WHAT YOU WILL DO: All of the data should be restated word for word, with the pictures omitted.

Stored data entries
################

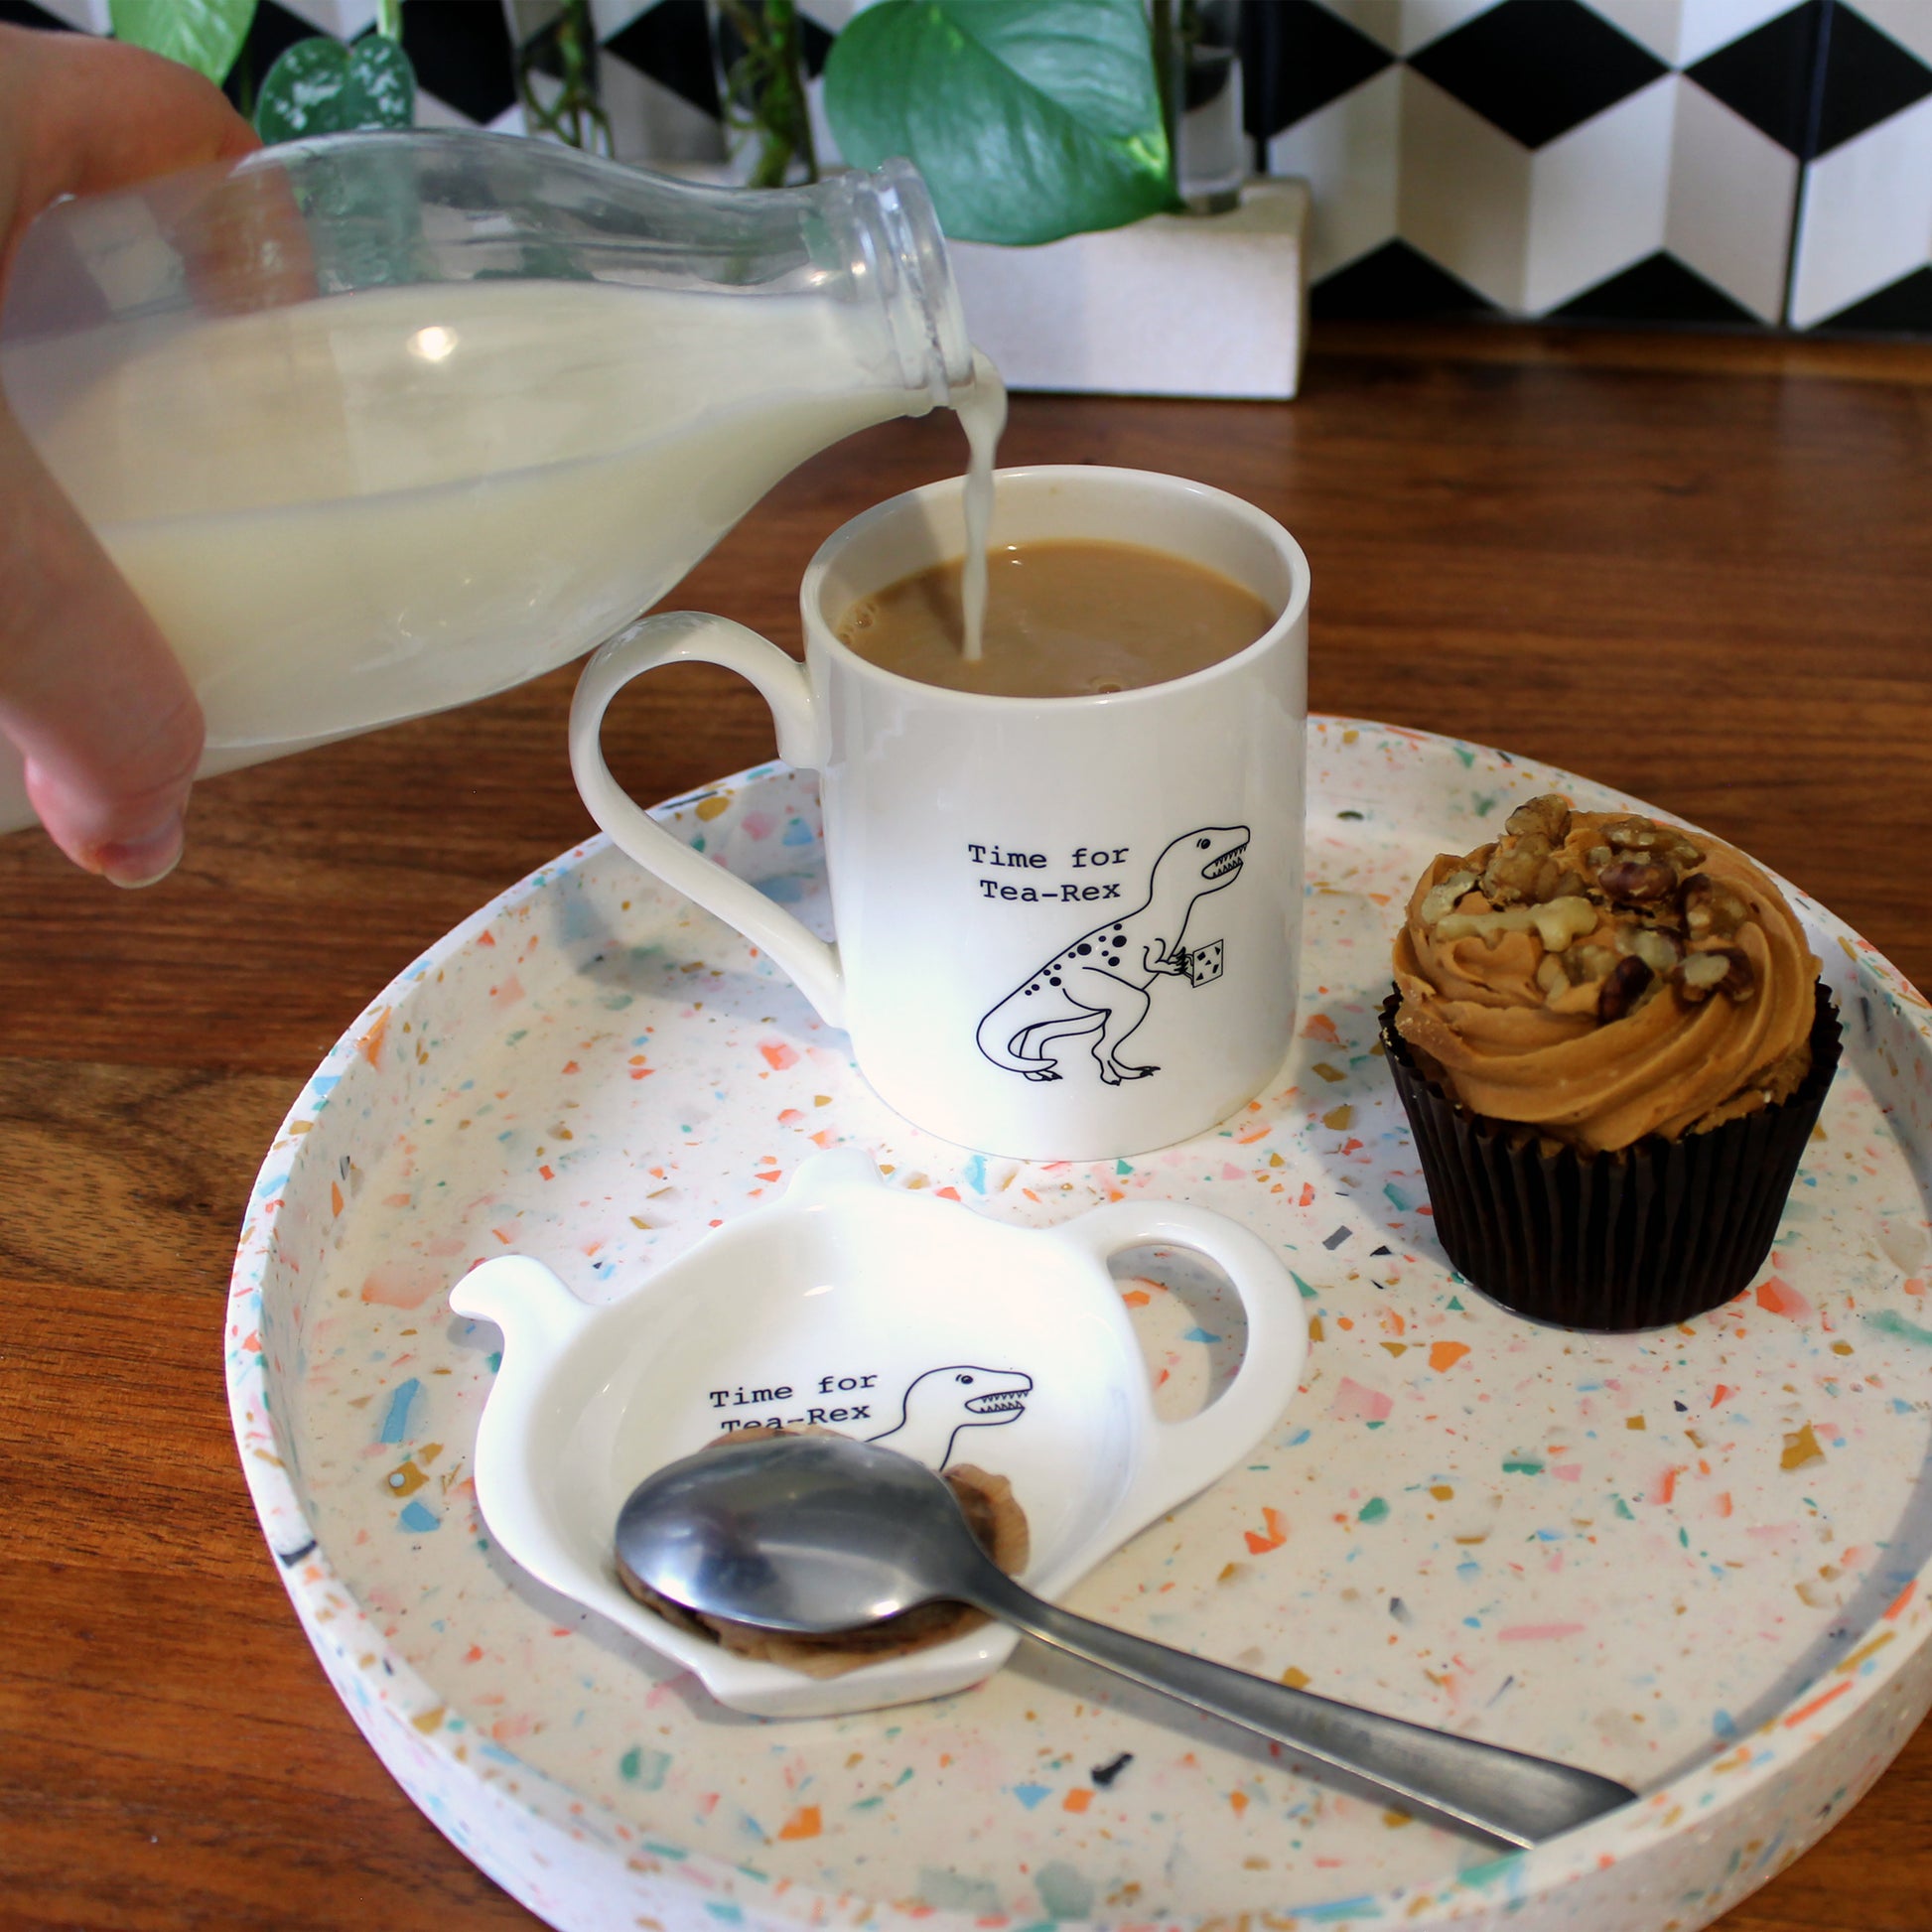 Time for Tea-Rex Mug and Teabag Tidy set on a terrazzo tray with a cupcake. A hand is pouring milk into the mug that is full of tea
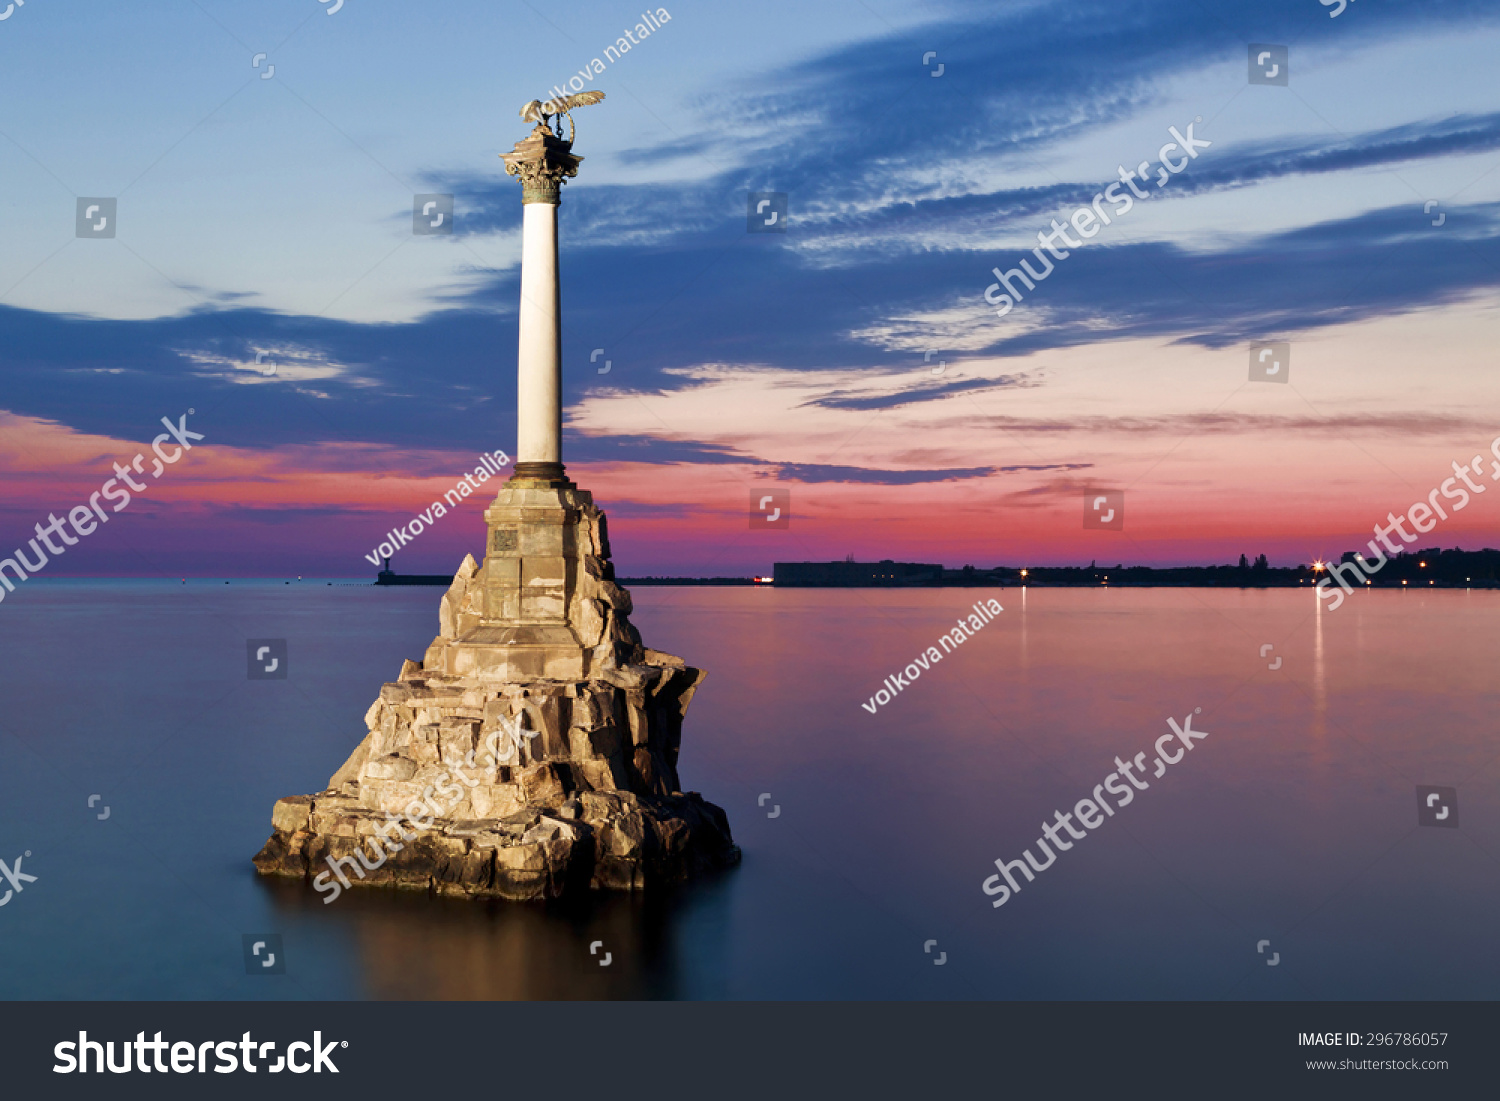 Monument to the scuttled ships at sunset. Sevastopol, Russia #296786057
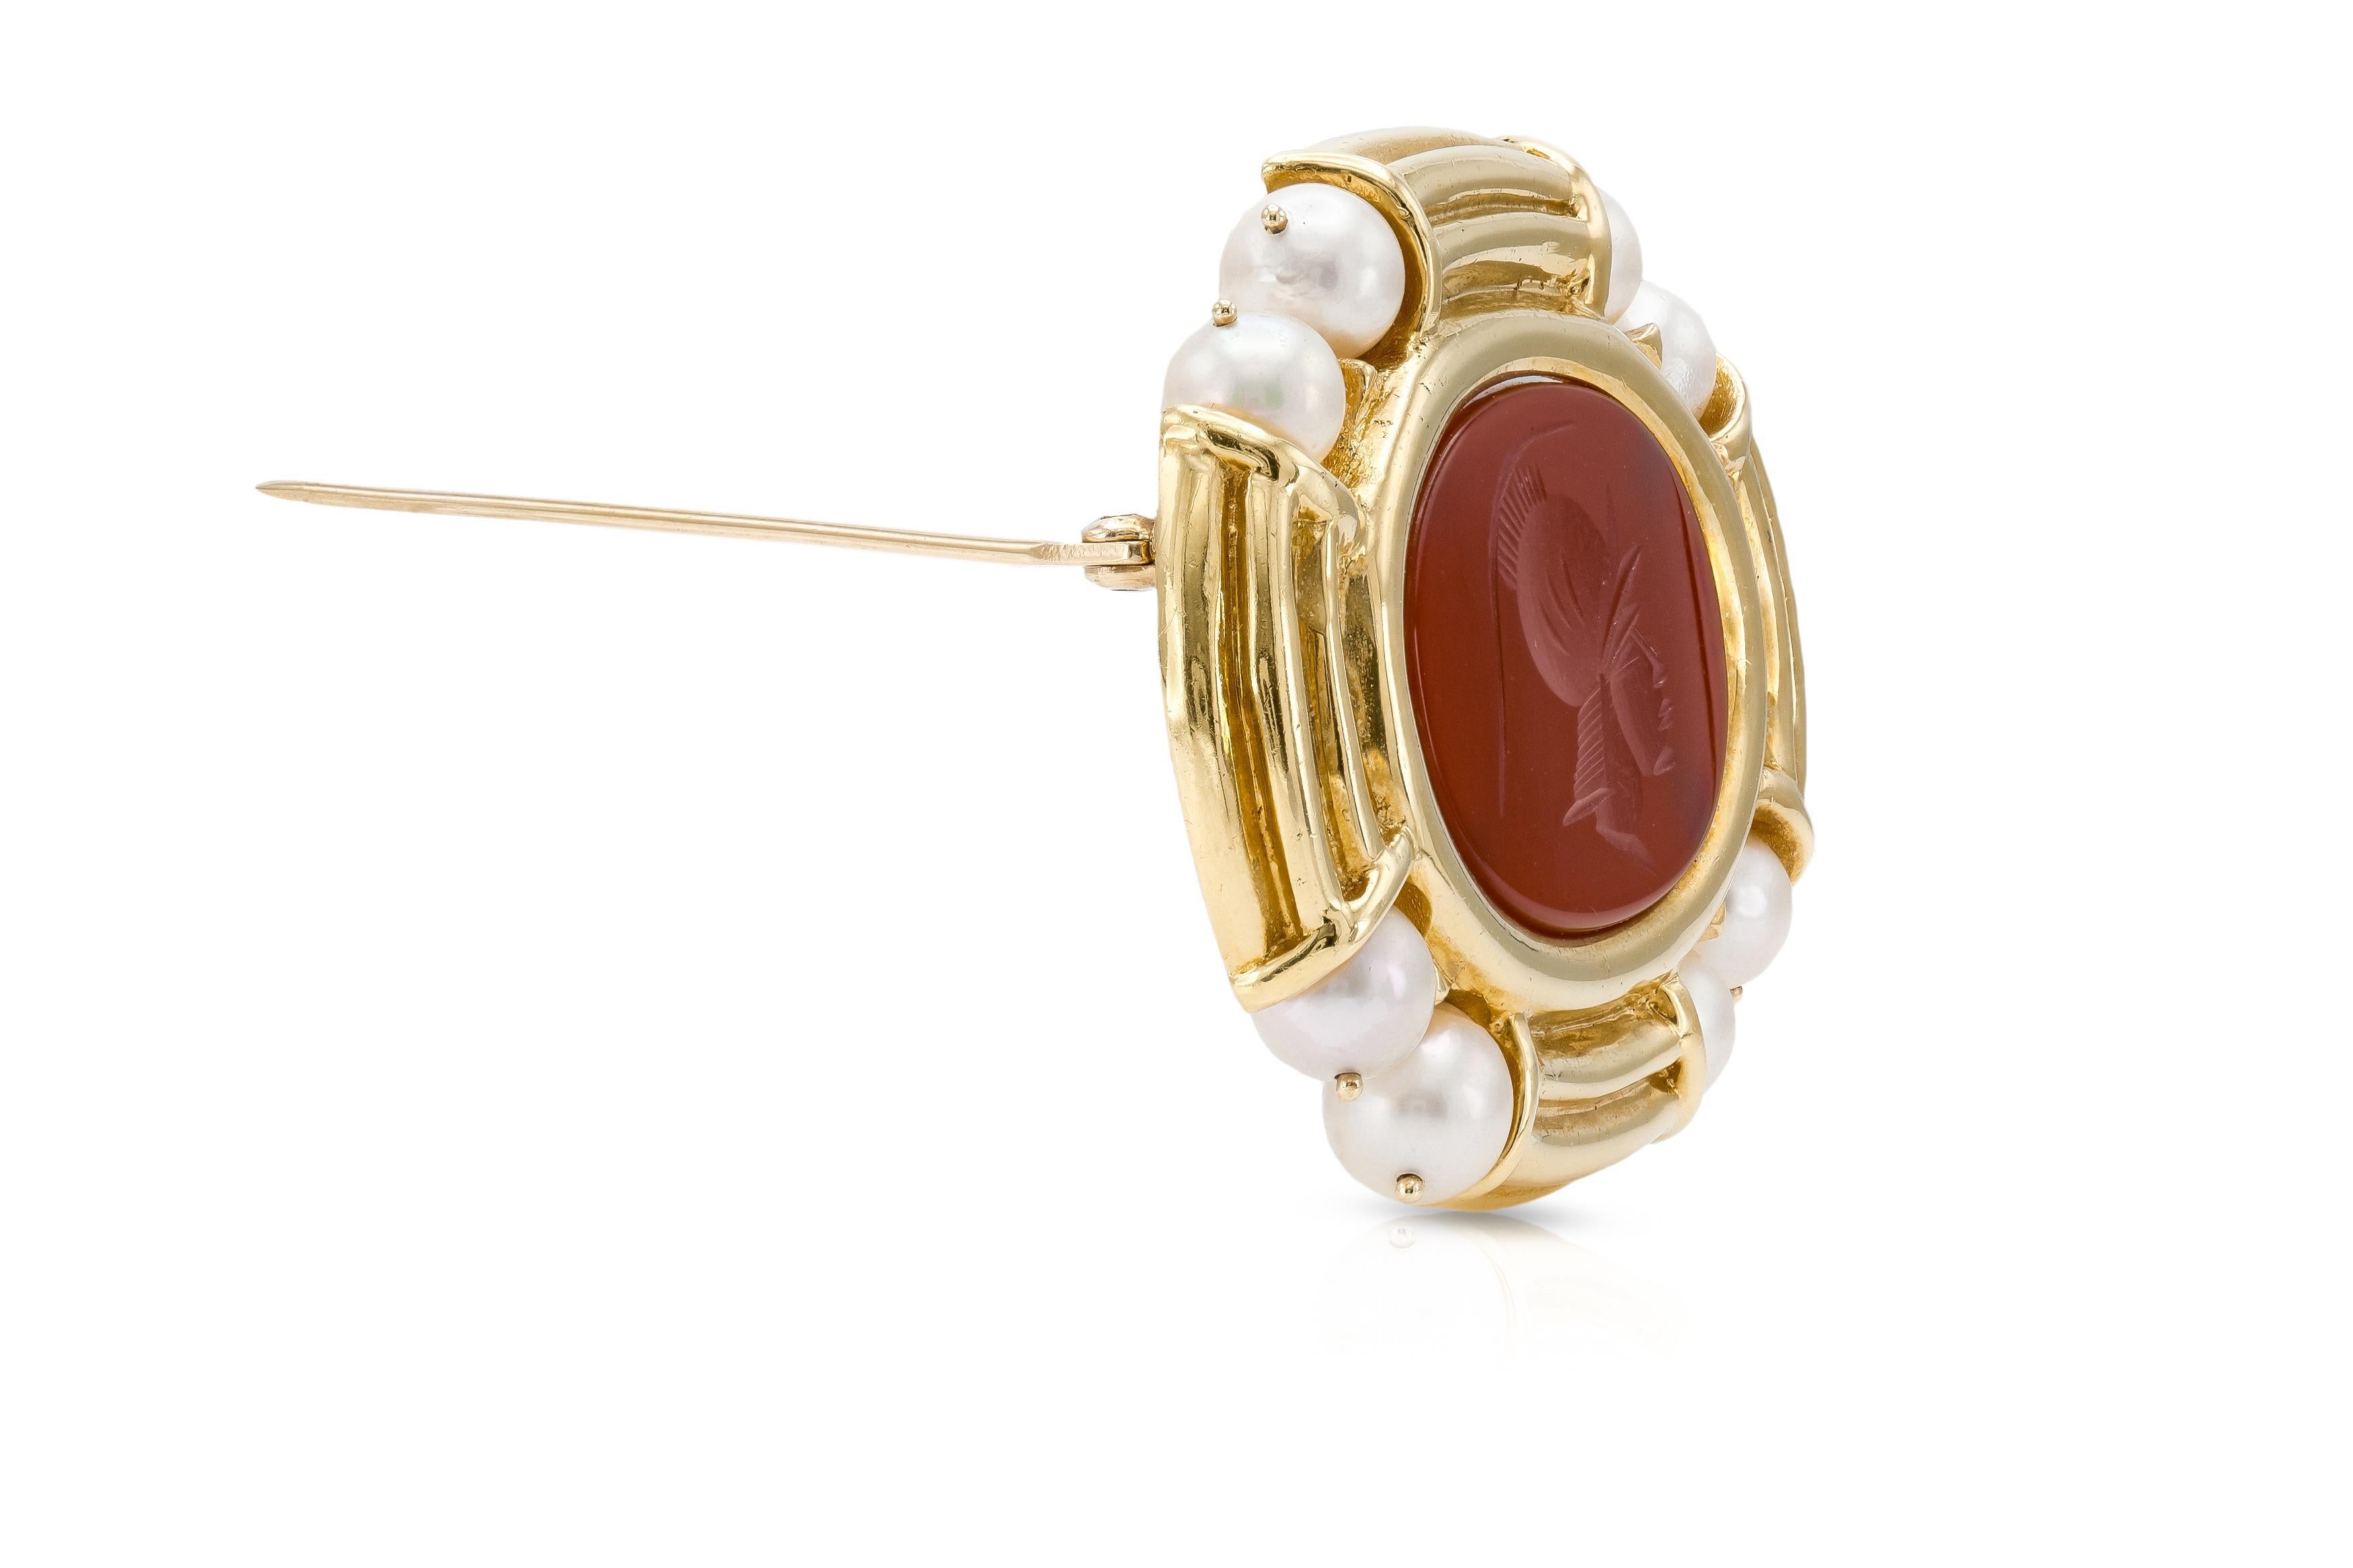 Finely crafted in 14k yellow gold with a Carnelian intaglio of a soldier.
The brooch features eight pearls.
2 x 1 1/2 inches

################

RESULT OF THE EXERCISE:
 Time for Tea-Rex Mug and Teabag Tidy set on a terrazzo tray with a cupcake. A hand is pouring milk into the mug that is full of tea
 Monument to the scuttled ships at sunset. Sevastopol, Russia #296786057
 Finely crafted in 14k yellow gold with a Carnelian intaglio of a soldier.
The brooch features eight pearls.
2 x 1 1/2 inches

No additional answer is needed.